Saved entries
#####
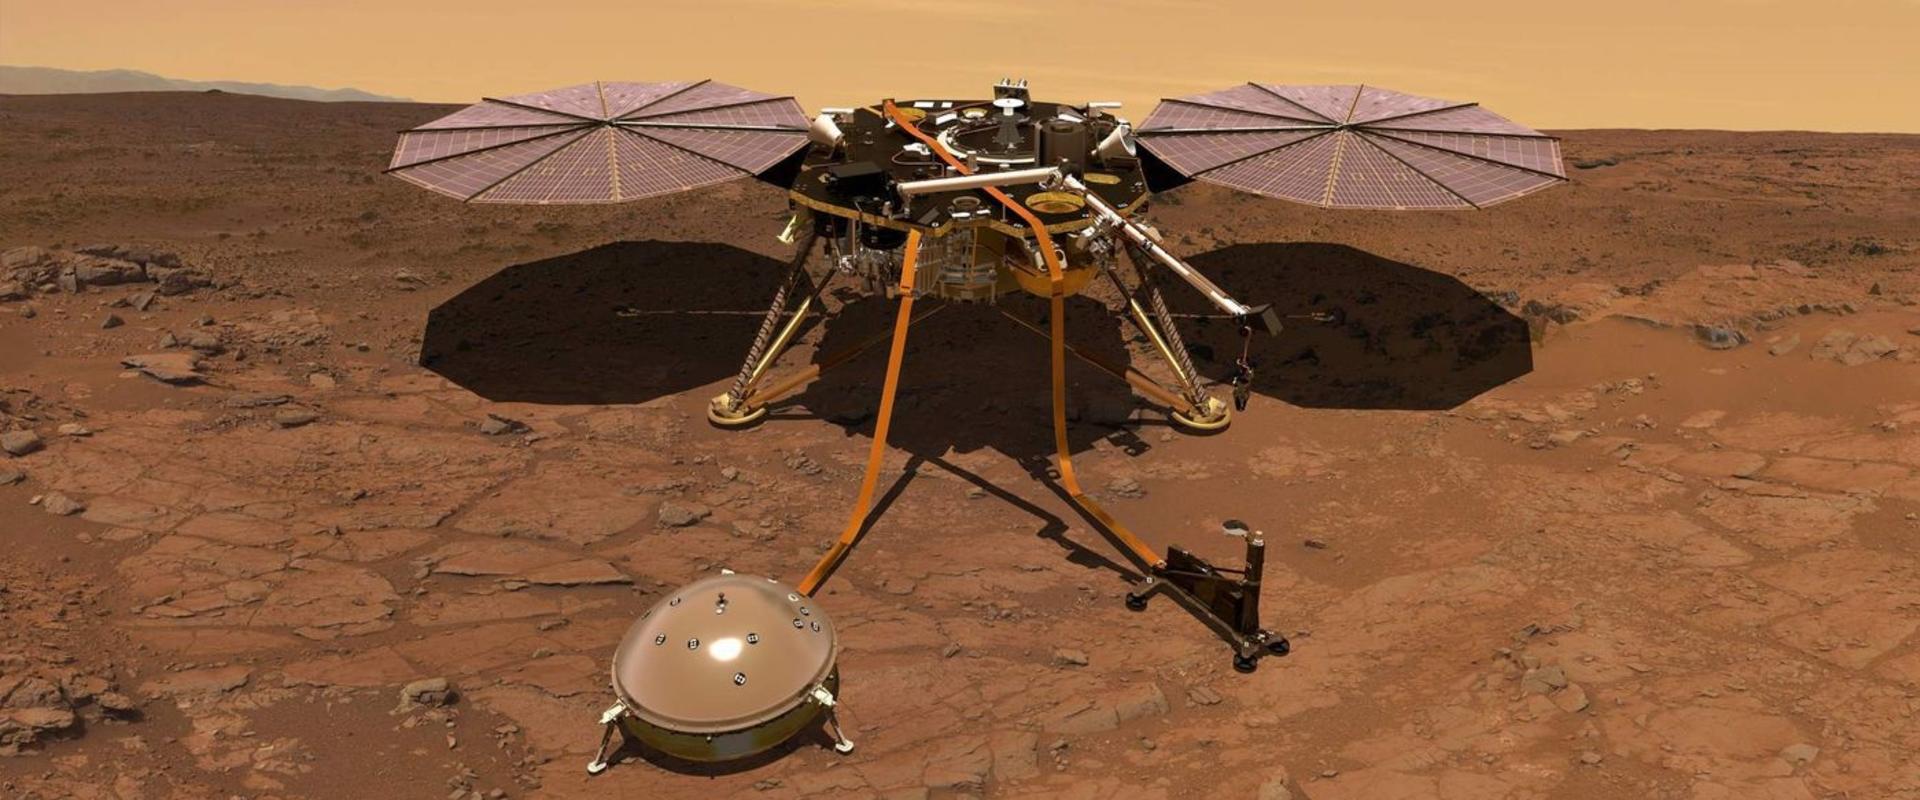 NASA успешно посадило робота InSight на Марсе-ის სურათის შედეგი
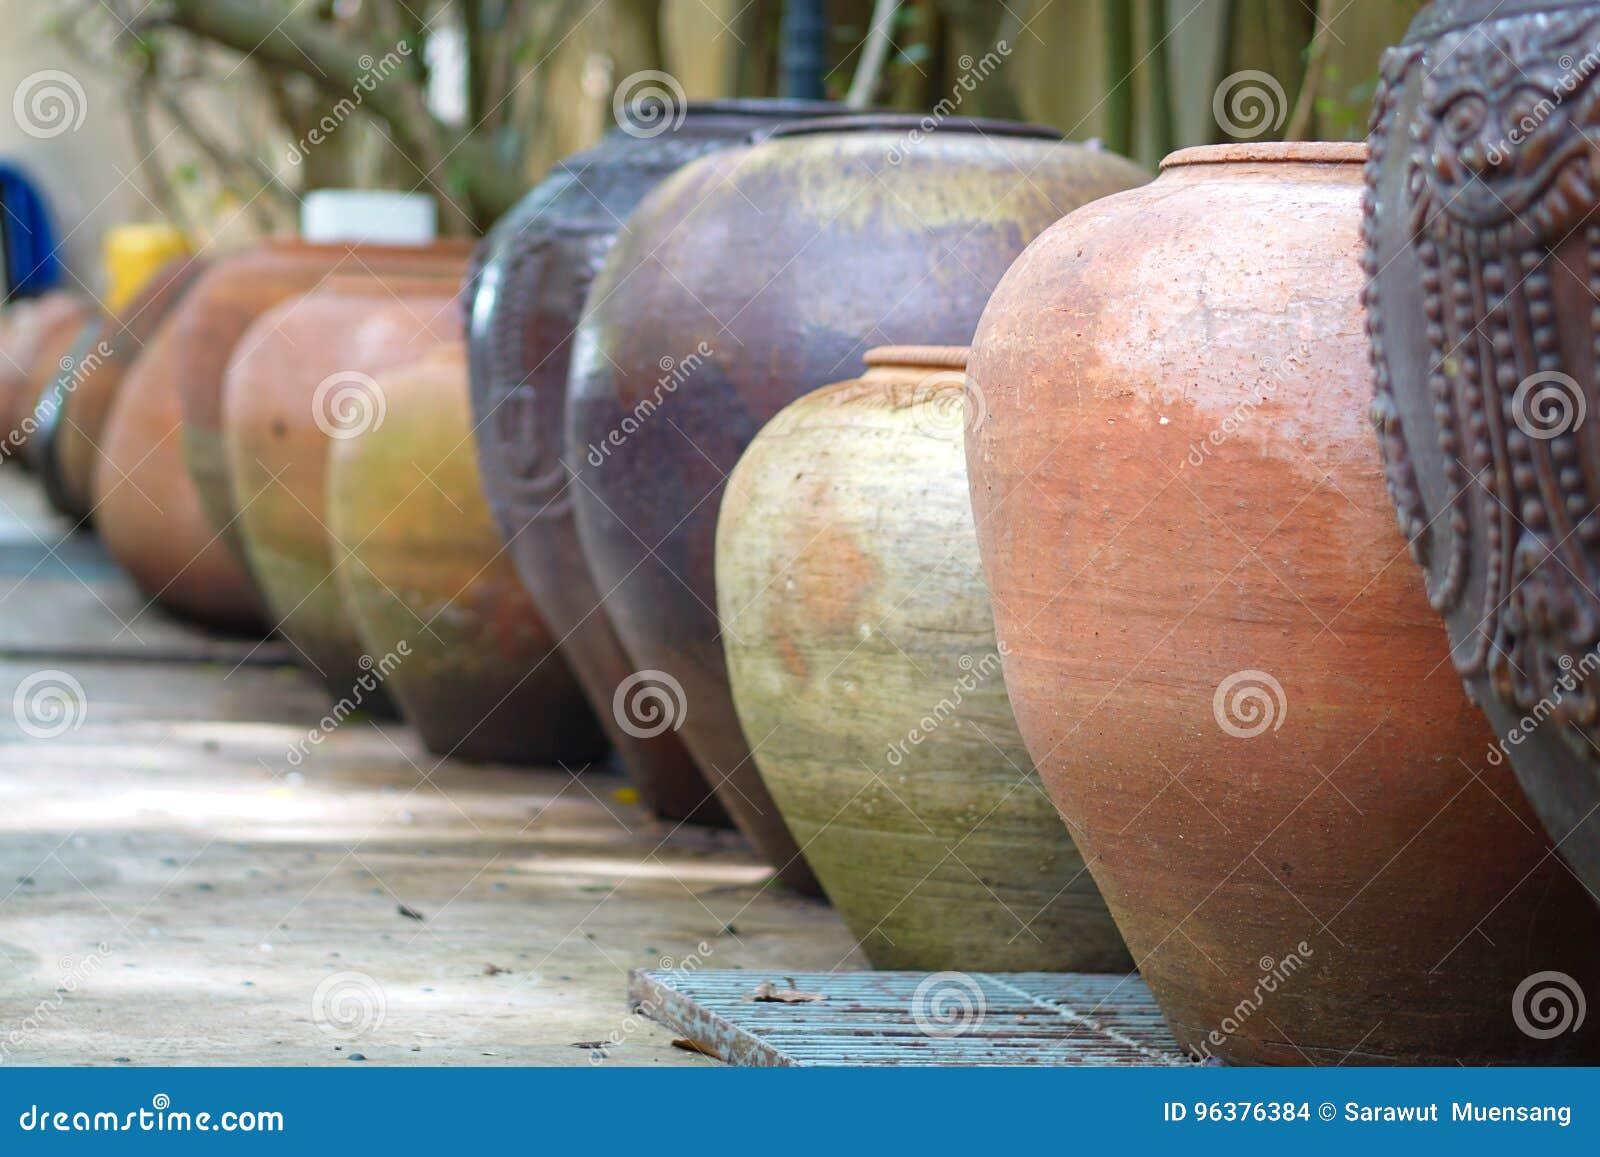 Earthenware handmade old clay pots
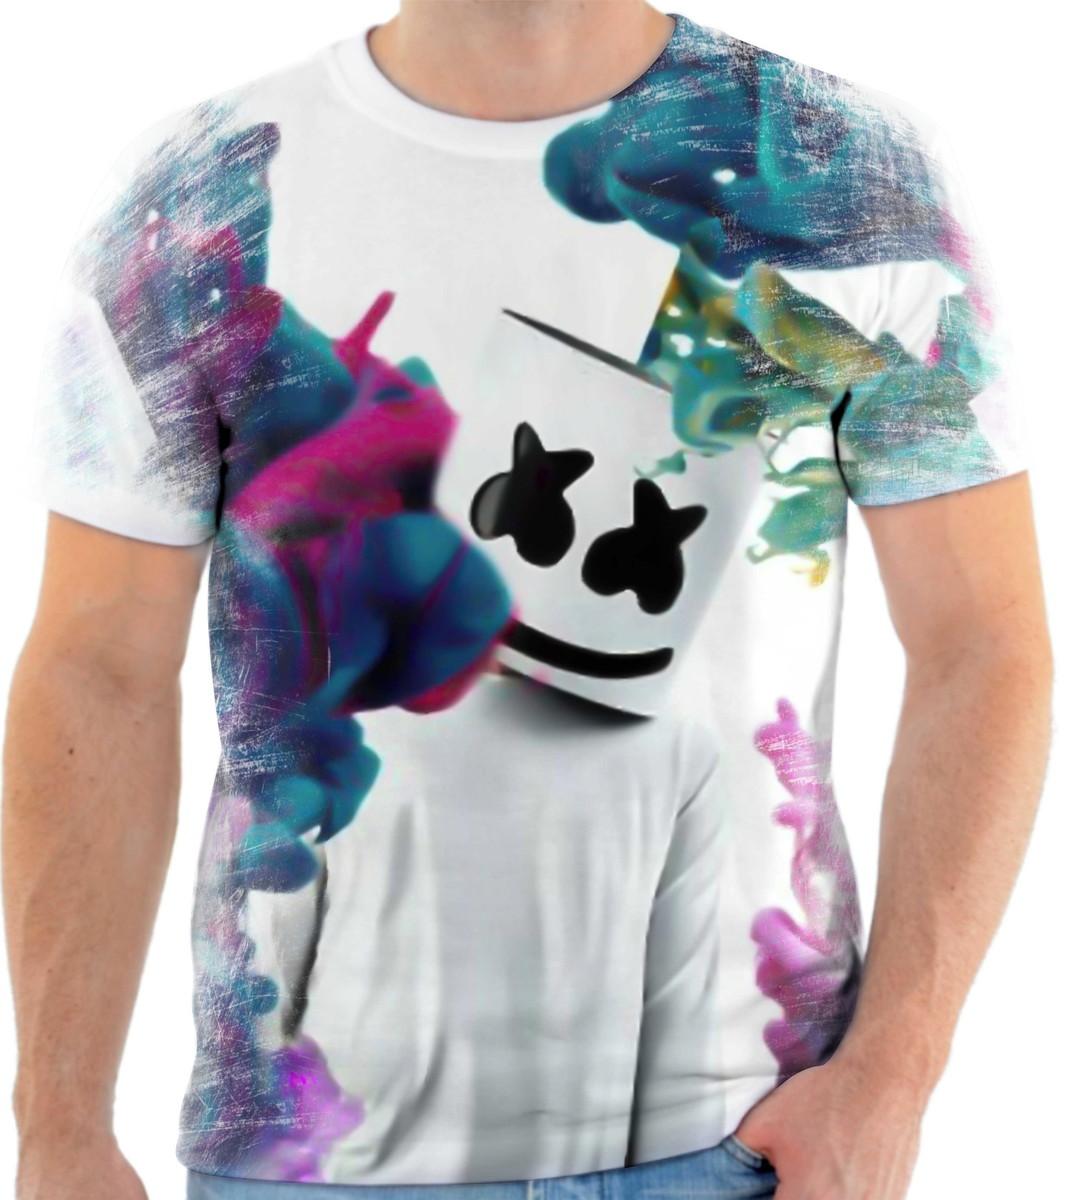 camisa camiseta personalizada produtor marshmello dj 3 no elo7
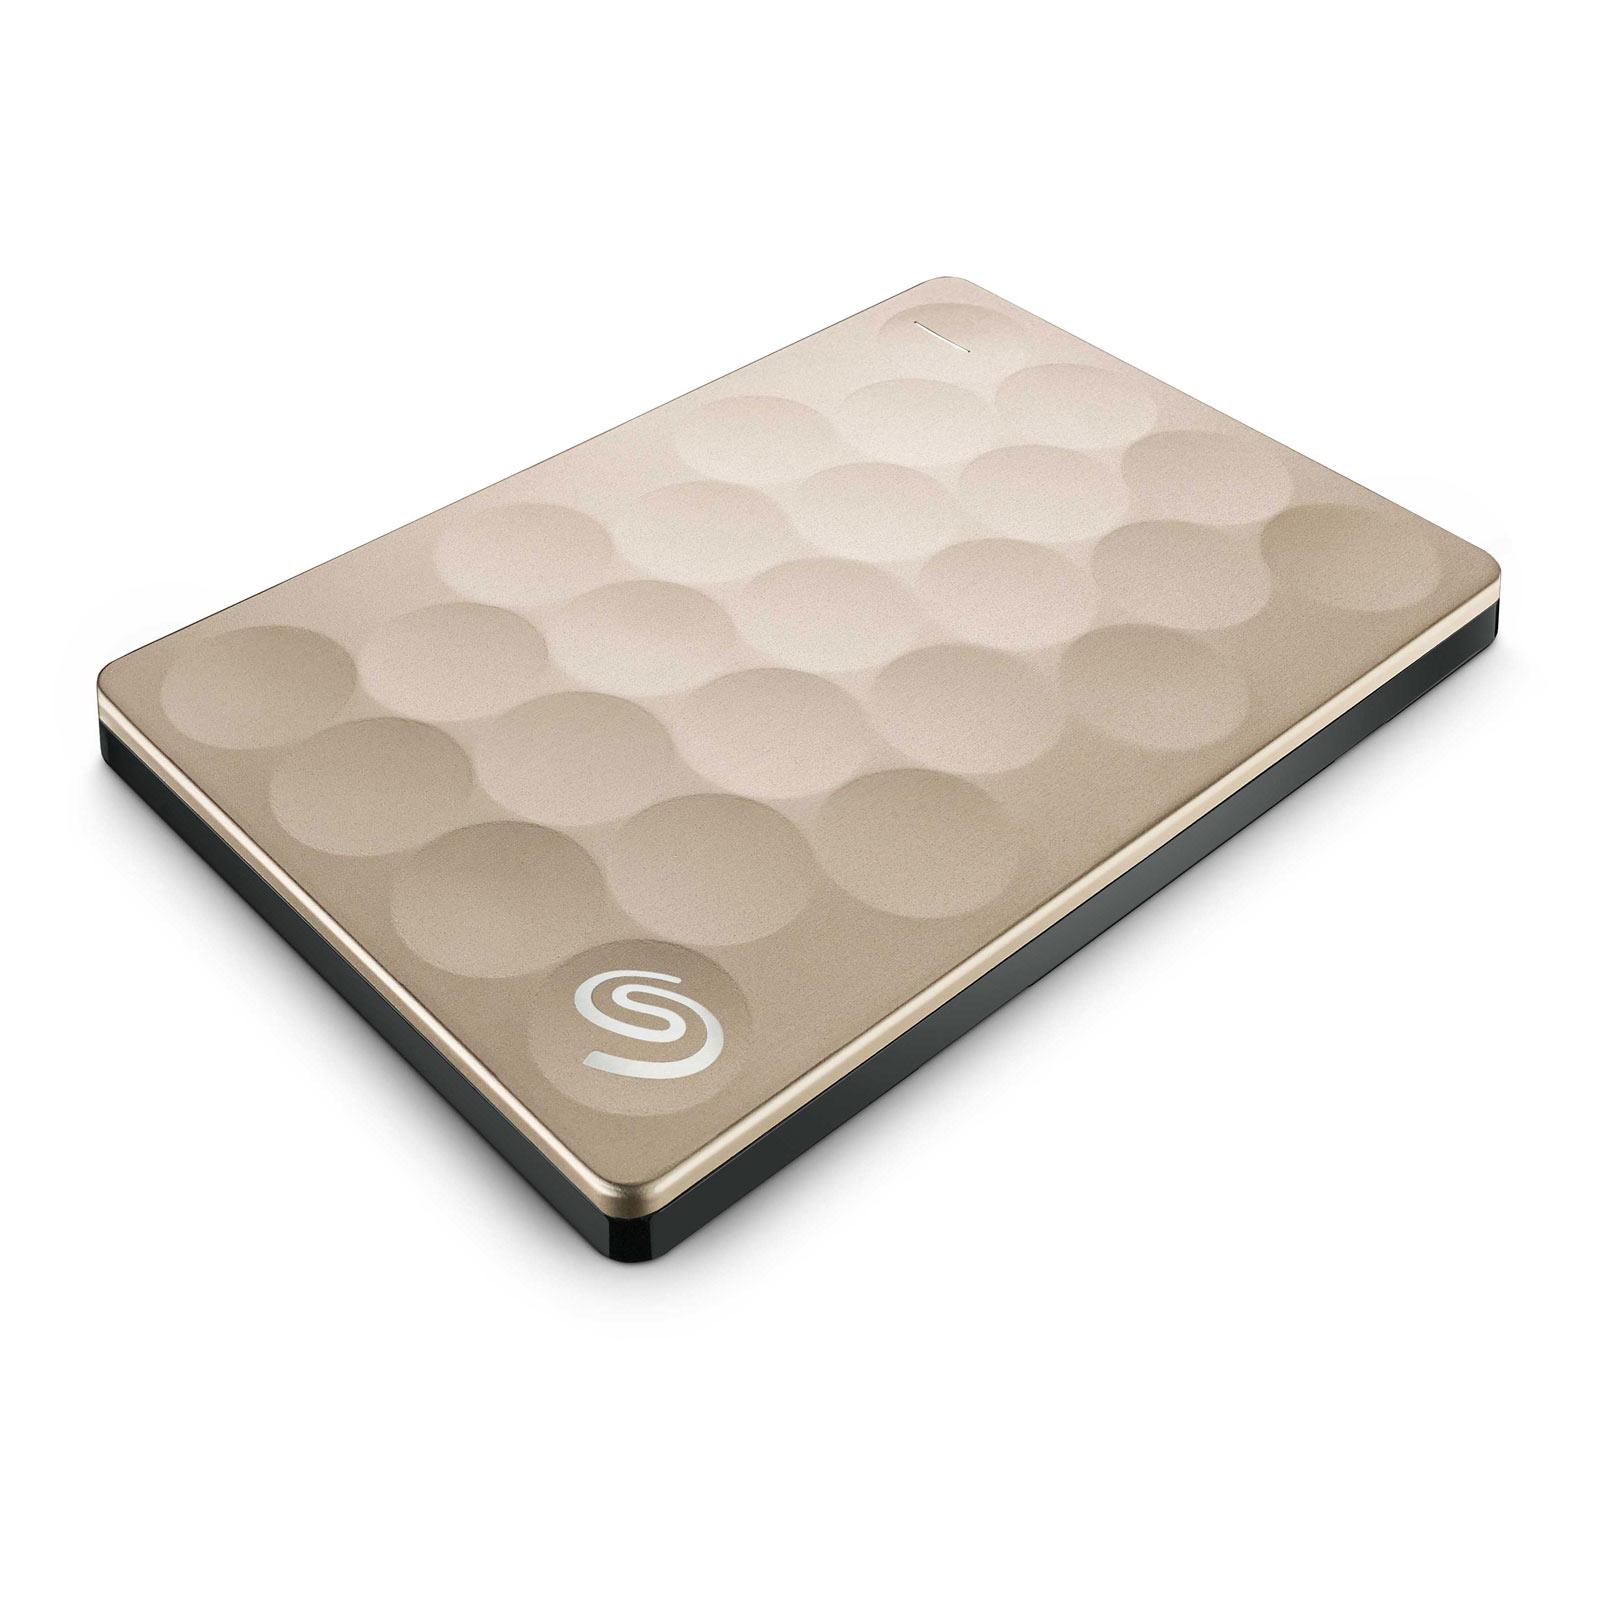 seagate backup plus ultra slim 2 to or usb 3 0 disque dur externe seagate technology sur. Black Bedroom Furniture Sets. Home Design Ideas
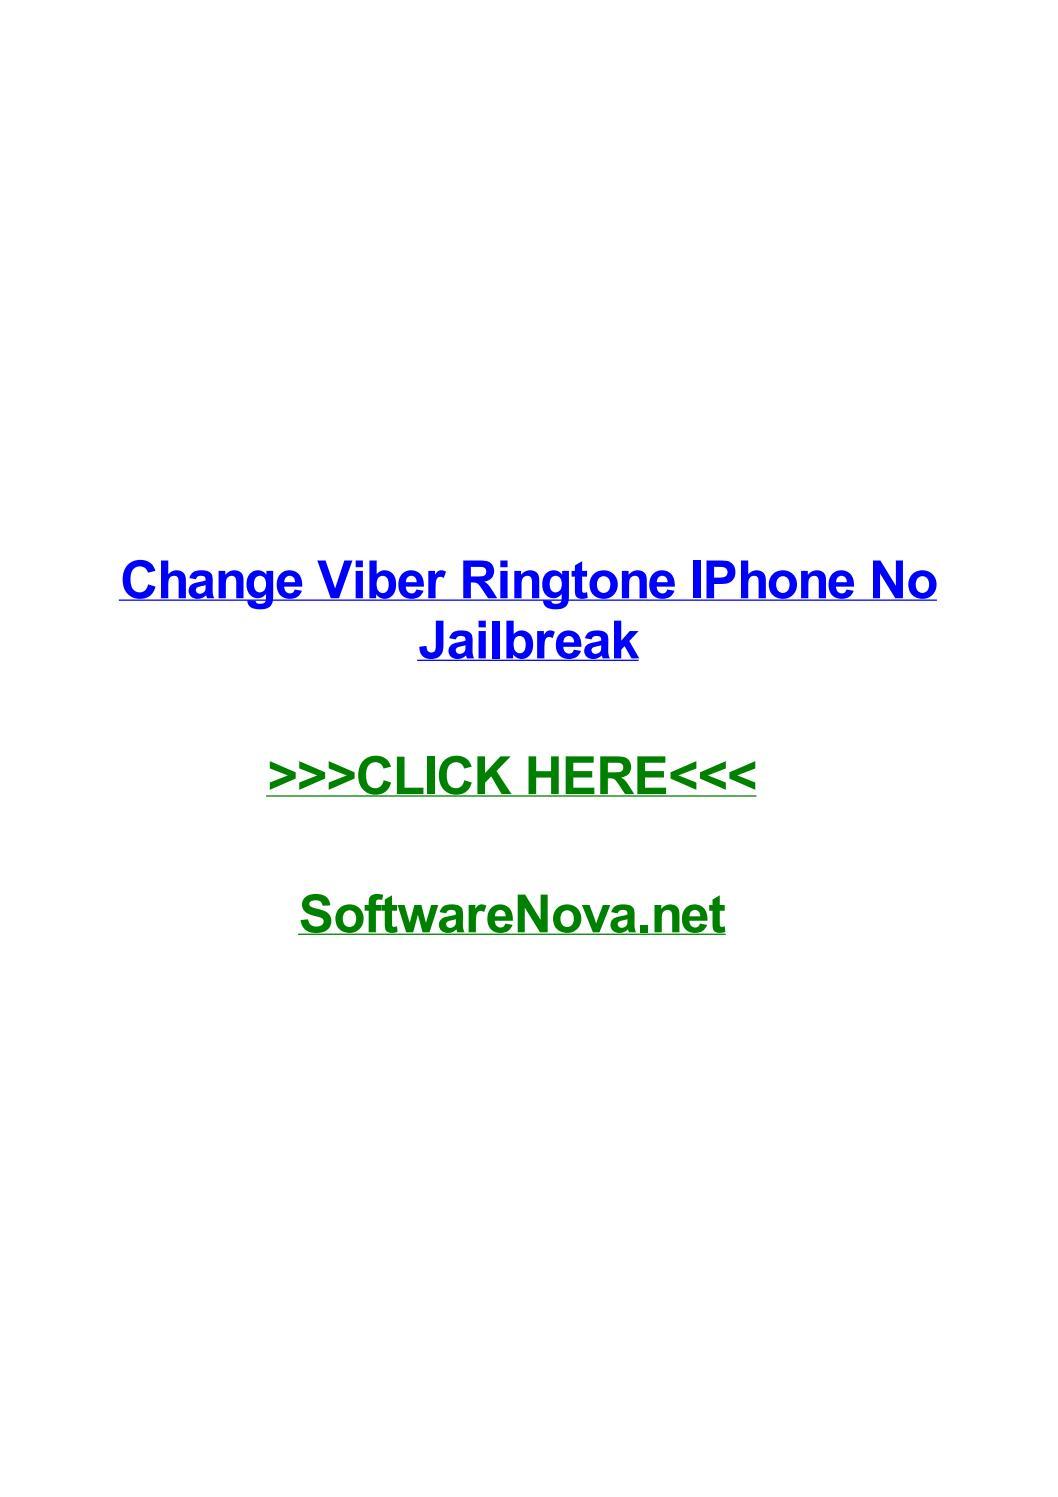 Change viber ringtone iphone no jailbreak by lauralehv - Issuu
#####
Your copy must match the records above word for word and contain no pictures.

### [SOLVED EXERCISE]
 NASA успешно посадило робота InSight на Марсе-ის სურათის შედეგი
 Earthenware handmade old clay pots
 camisa camiseta personalizada produtor marshmello dj 3 no elo7
 seagate backup plus ultra slim 2 to or usb 3 0 disque dur externe seagate technology sur. Black Bedroom Furniture Sets. Home Design Ideas
 Change viber ringtone iphone no jailbreak by lauralehv - Issuu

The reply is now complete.